**Description of the task:** For the entries below, the result should be an exact transcription of the lines from the one with "toyhaven: Figurecoser 1/6th" up to and including the one with "Special Ops: Lioness poster", and only those.

**Dataset excerpts:**
Segment Open

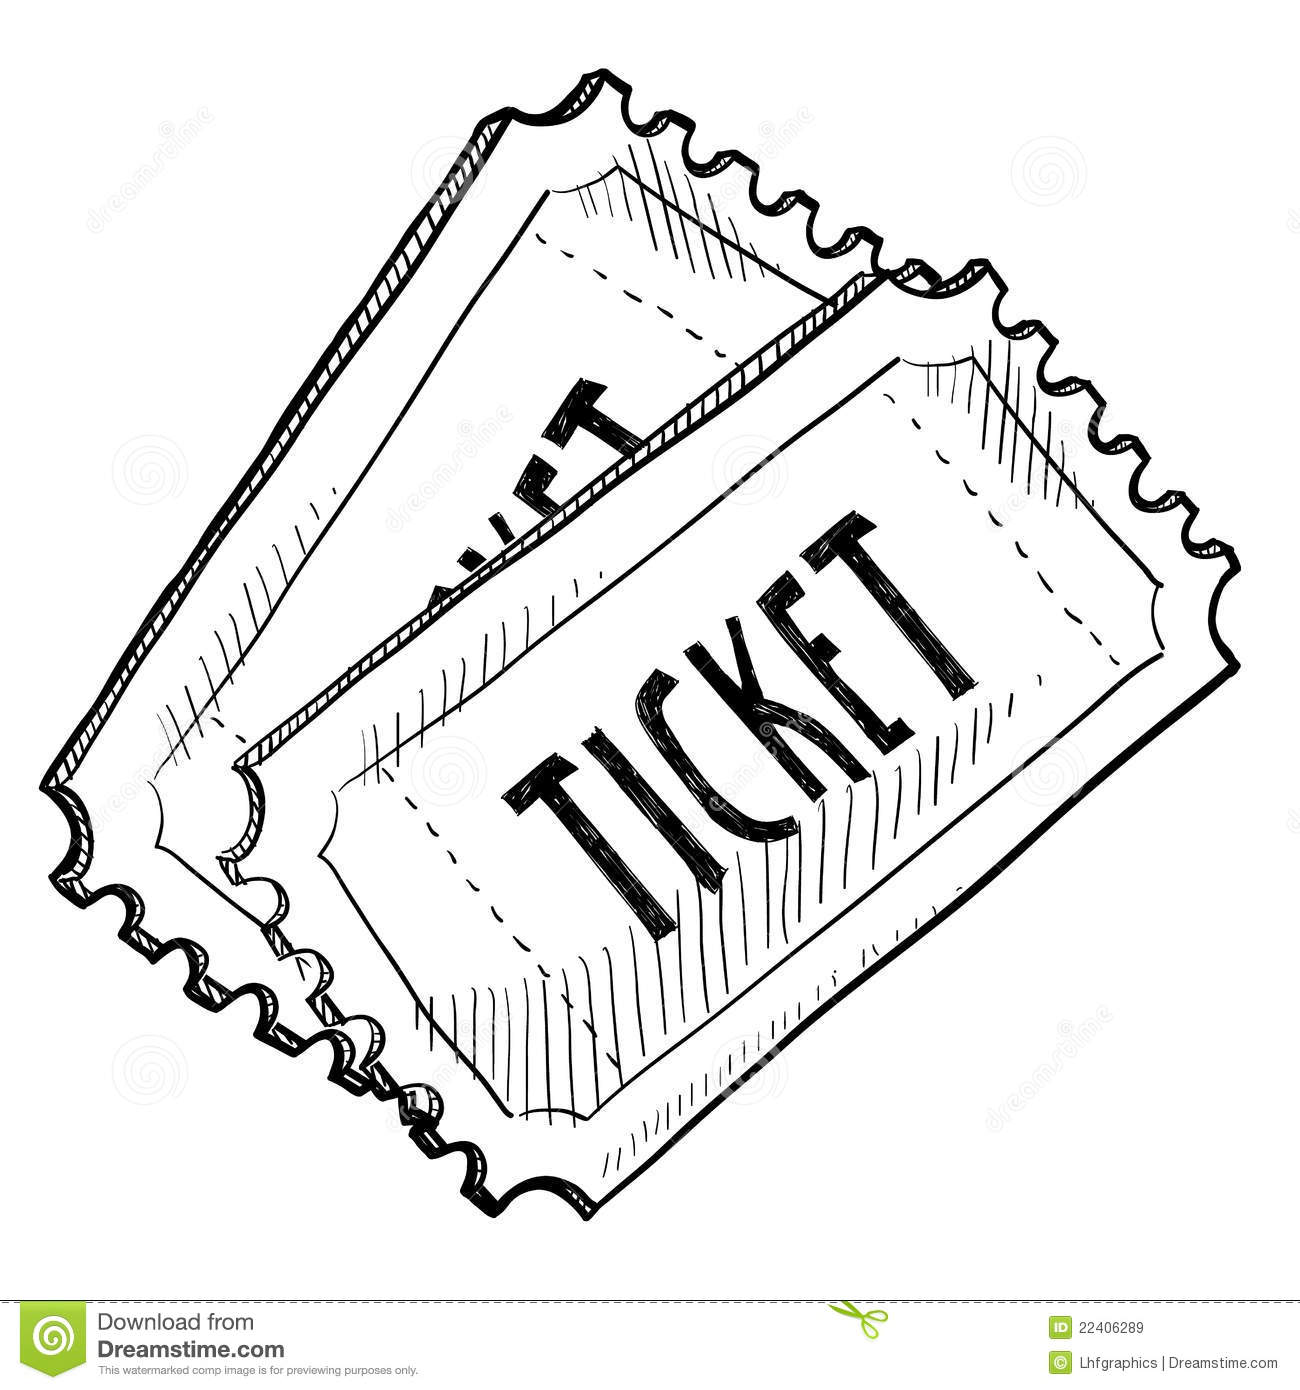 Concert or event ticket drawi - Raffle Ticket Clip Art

Segment Closed
Segment Open

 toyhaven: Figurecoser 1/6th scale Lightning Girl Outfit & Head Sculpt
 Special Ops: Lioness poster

Segment Closed

**Result:**
 toyhaven: Figurecoser 1/6th scale Lightning Girl Outfit & Head Sculpt
 Special Ops: Lioness poster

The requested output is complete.